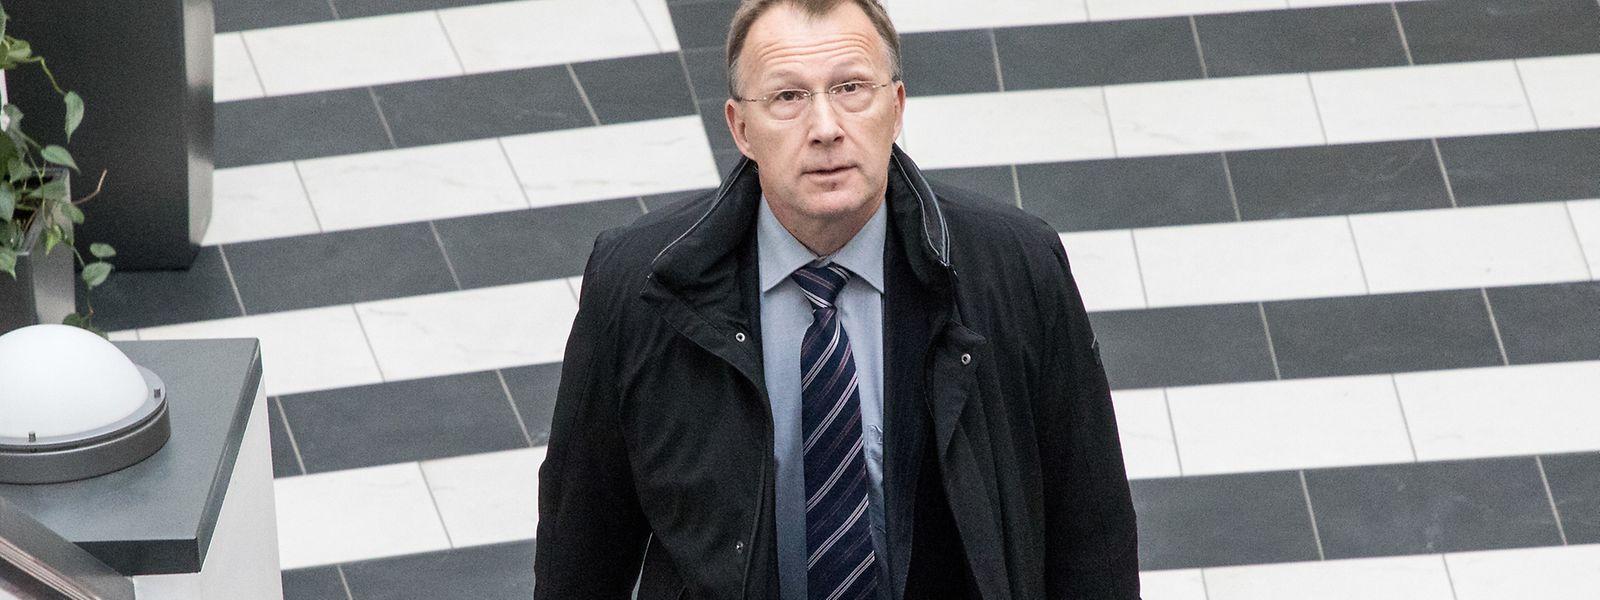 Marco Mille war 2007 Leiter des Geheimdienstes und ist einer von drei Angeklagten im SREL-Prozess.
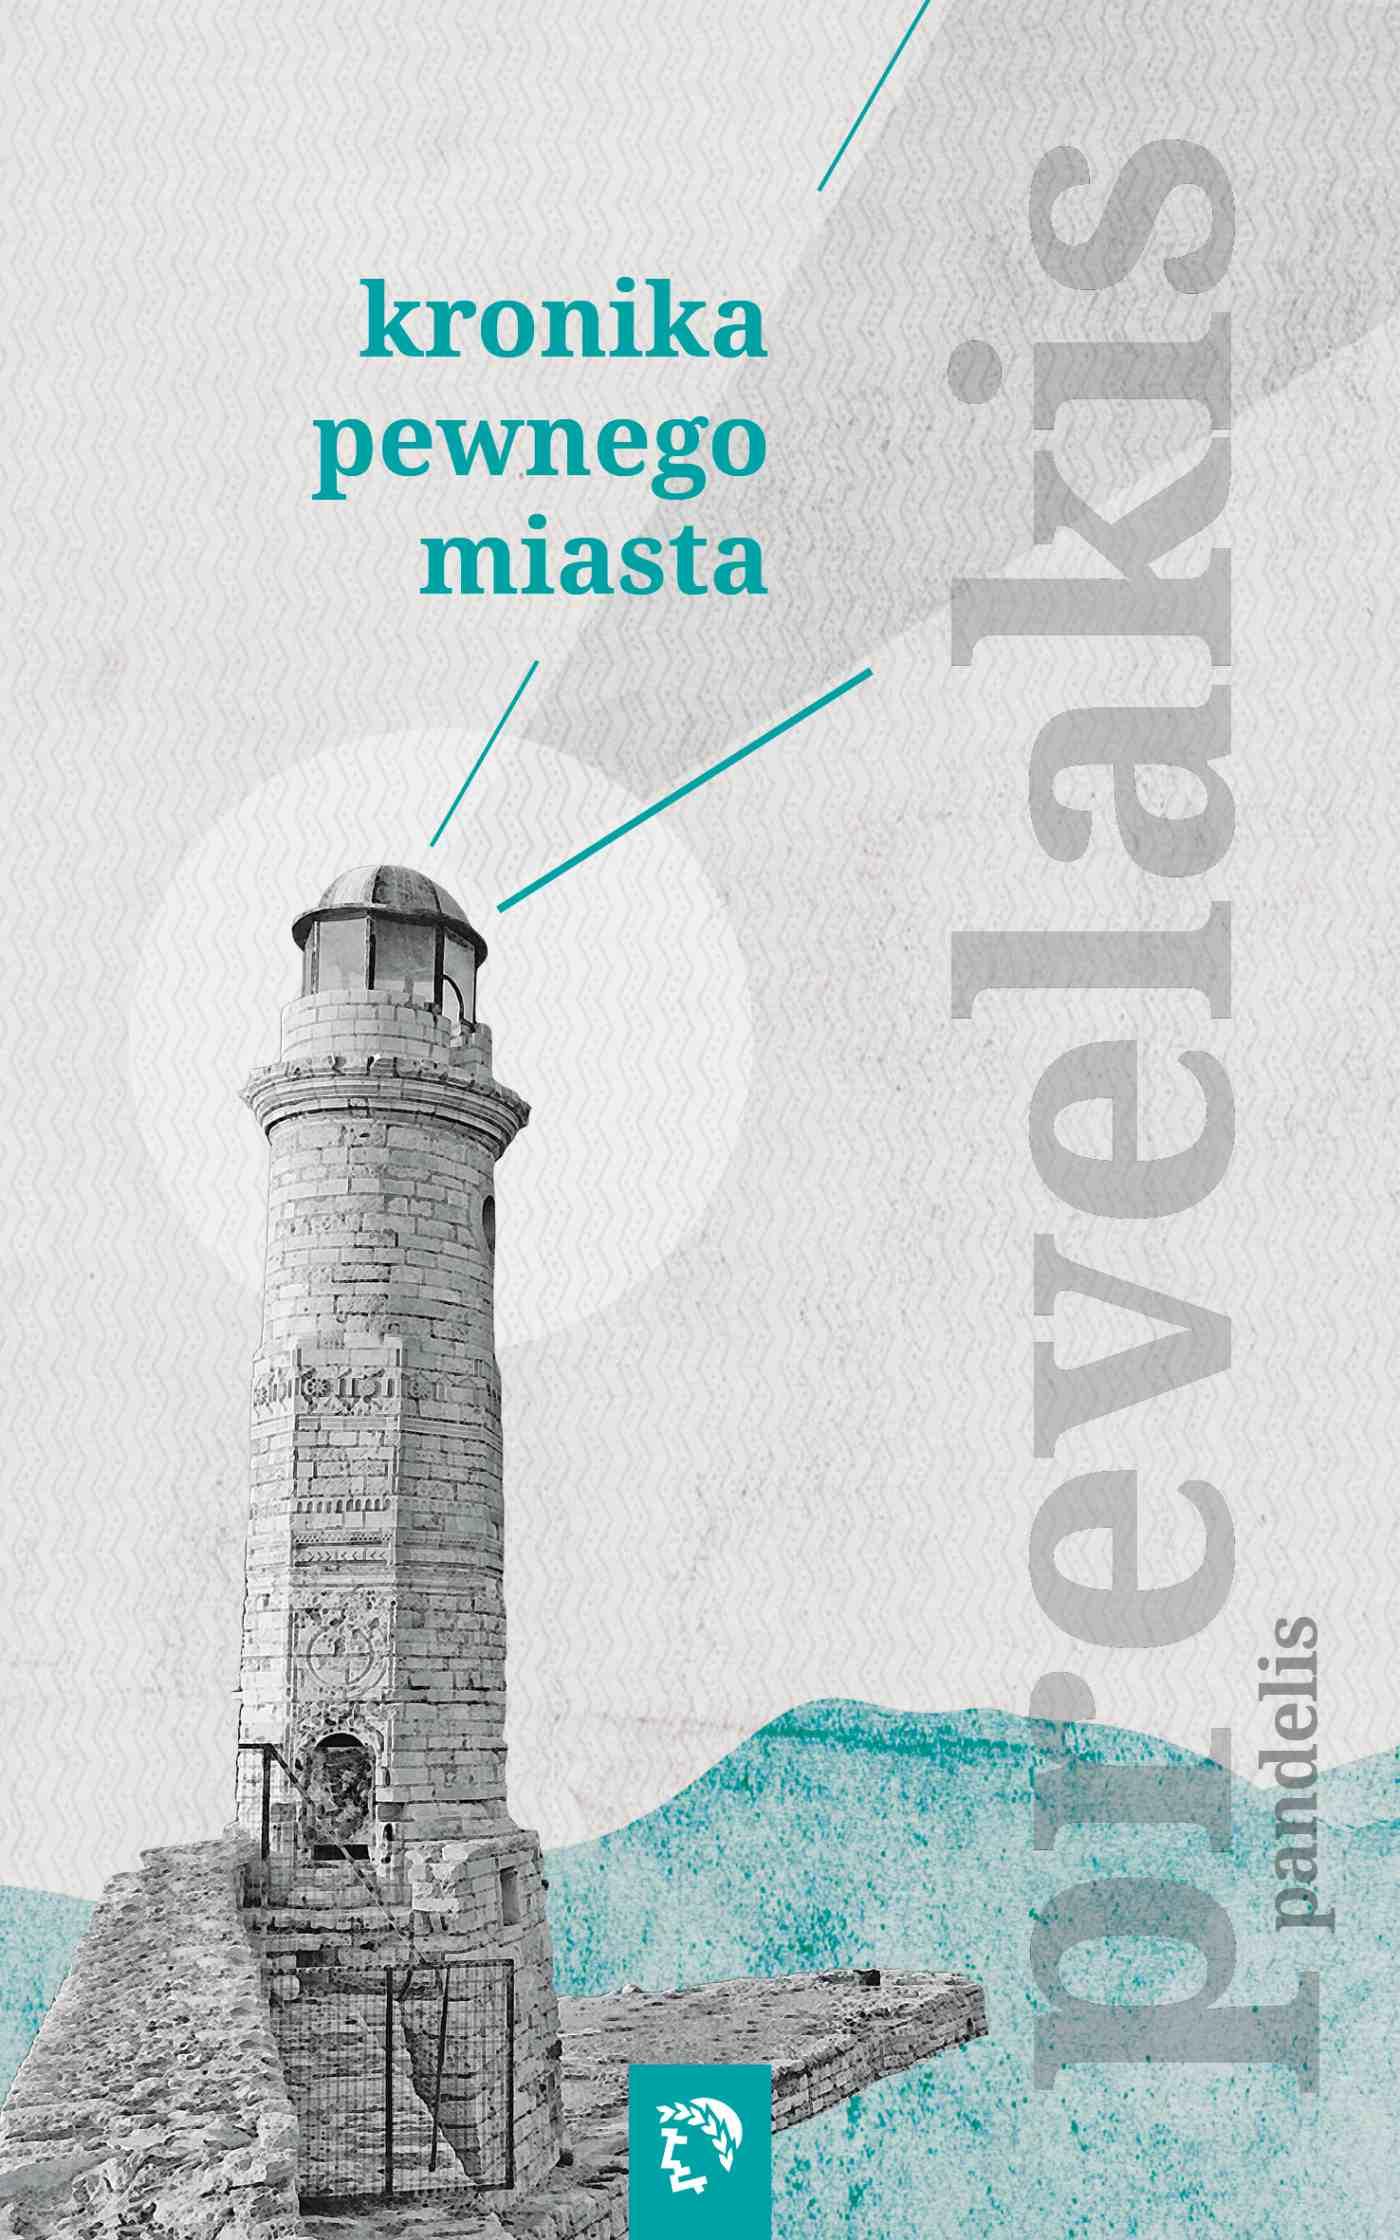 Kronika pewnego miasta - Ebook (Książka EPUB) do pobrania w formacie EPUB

#####

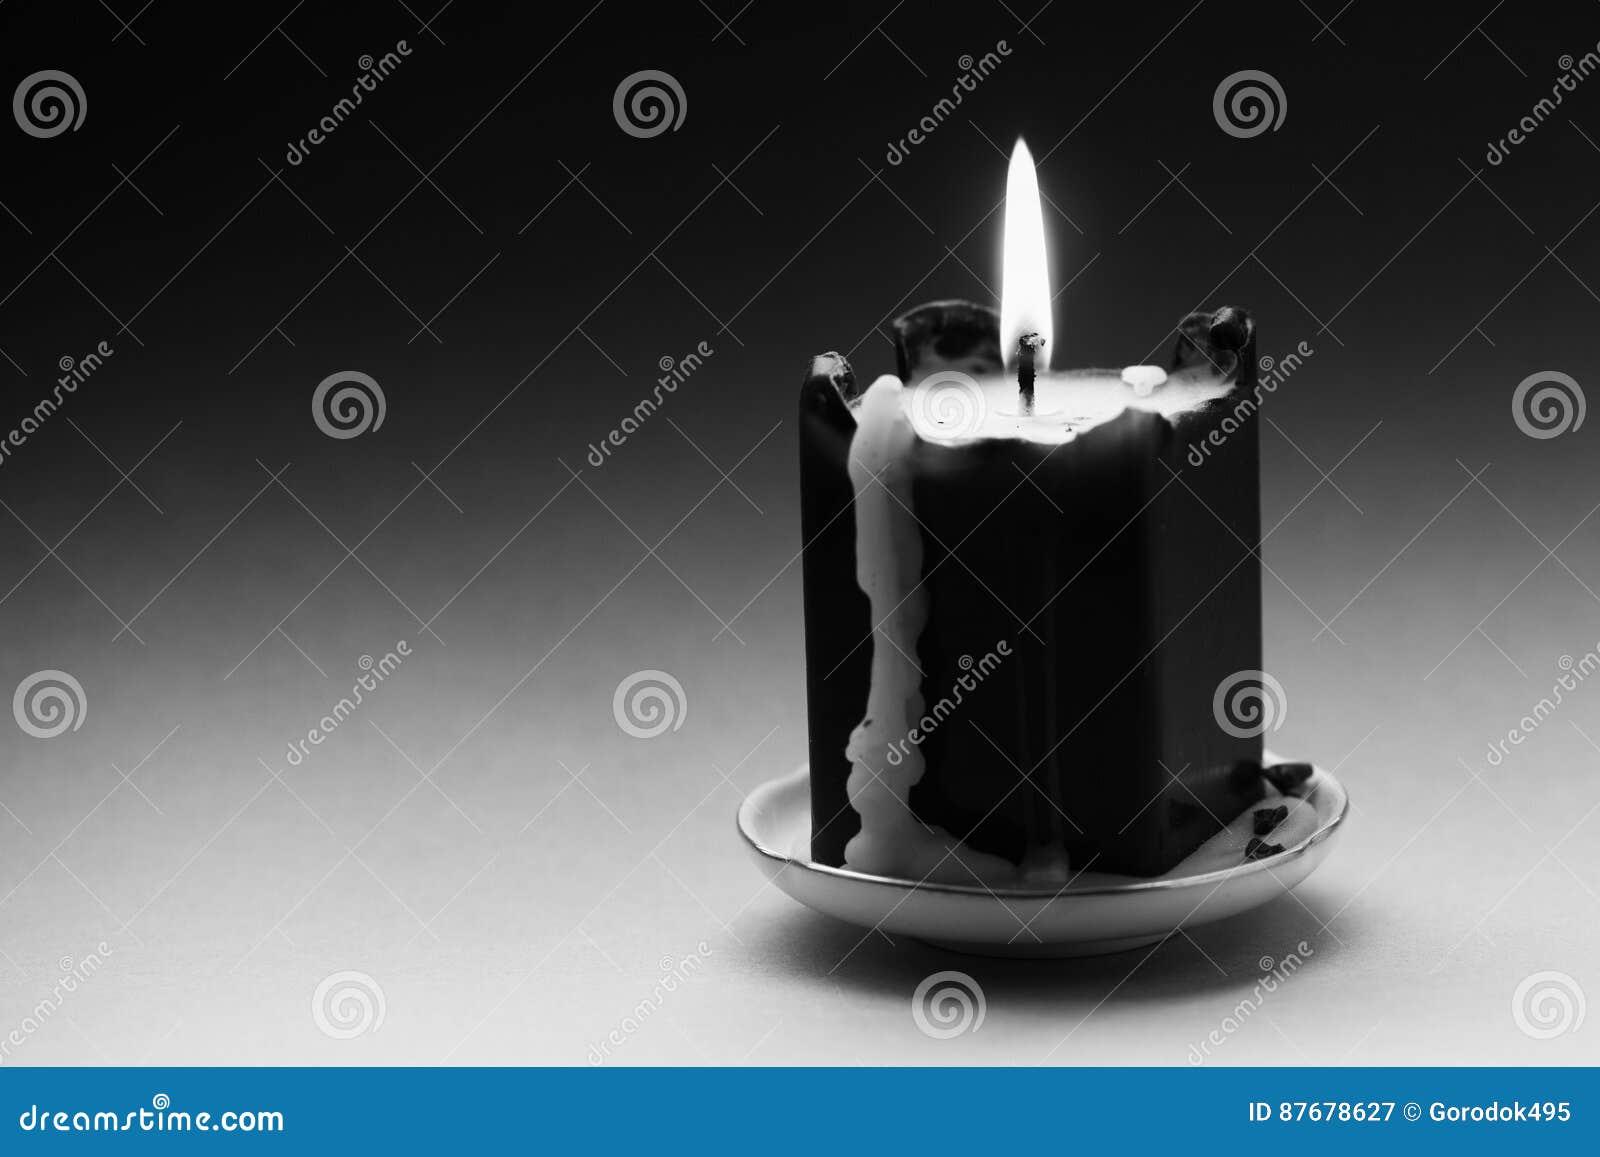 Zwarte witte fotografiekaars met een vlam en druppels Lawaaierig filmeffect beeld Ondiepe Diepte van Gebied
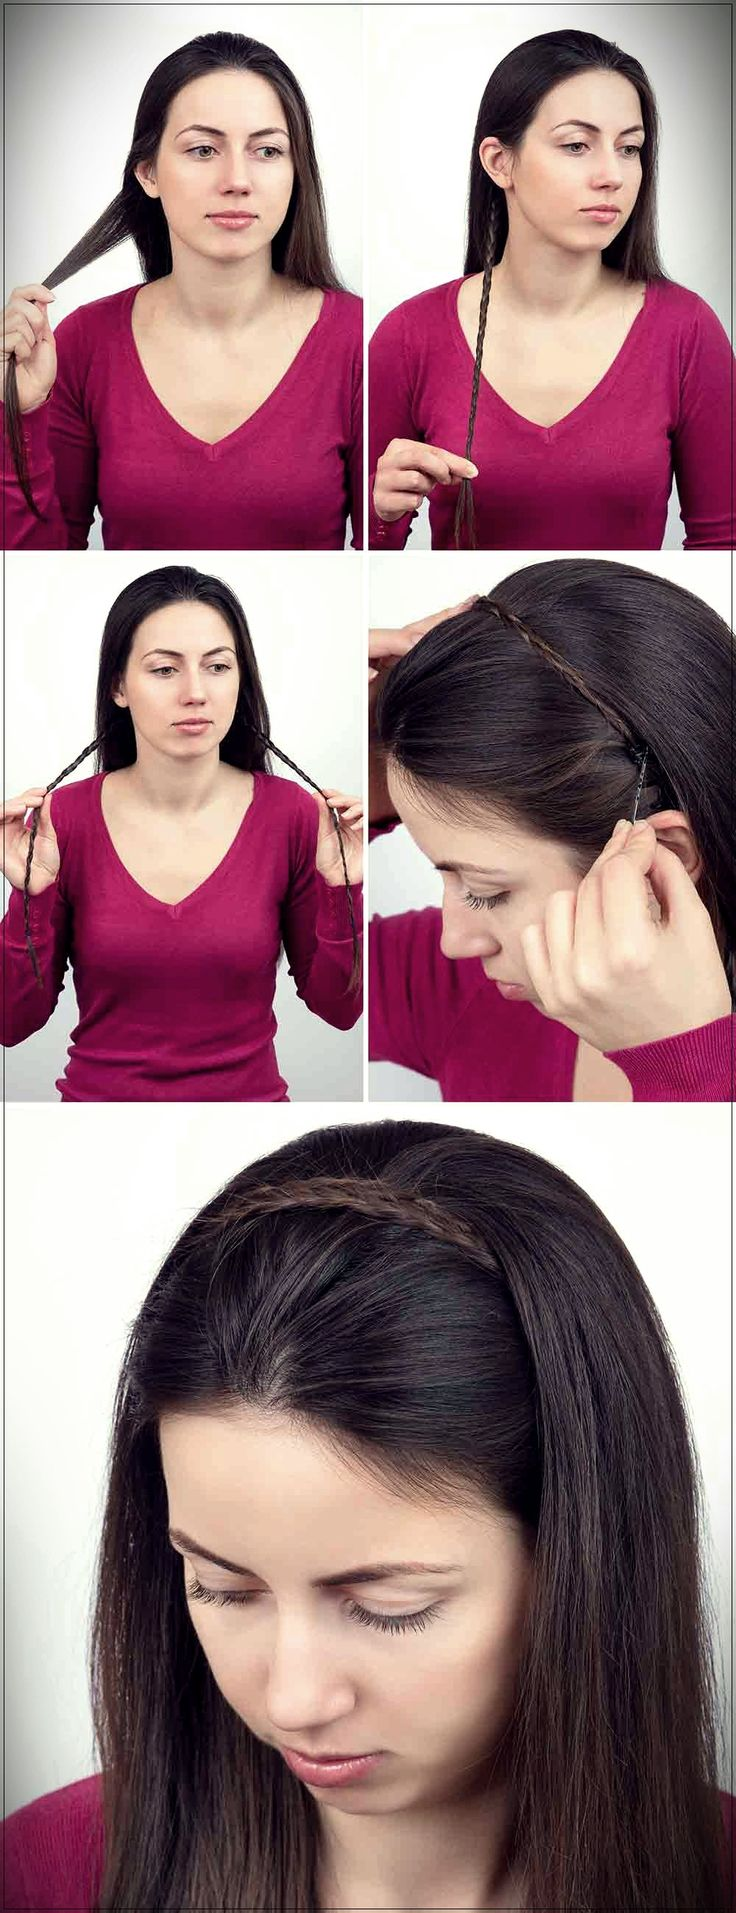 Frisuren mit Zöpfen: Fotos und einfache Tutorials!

#####

* _Task description_
Transcribe, word for word, the lines of the listing above from the one that contains "Marco Mille war" through the one that contains "Kronika pewnego miasta", keeping both ends and dropping the pictures.

* _Exercise response_
 Marco Mille war 2007 Leiter des Geheimdienstes und ist einer von drei Angeklagten im SREL-Prozess.
 Kronika pewnego miasta - Ebook (Książka EPUB) do pobrania w formacie EPUB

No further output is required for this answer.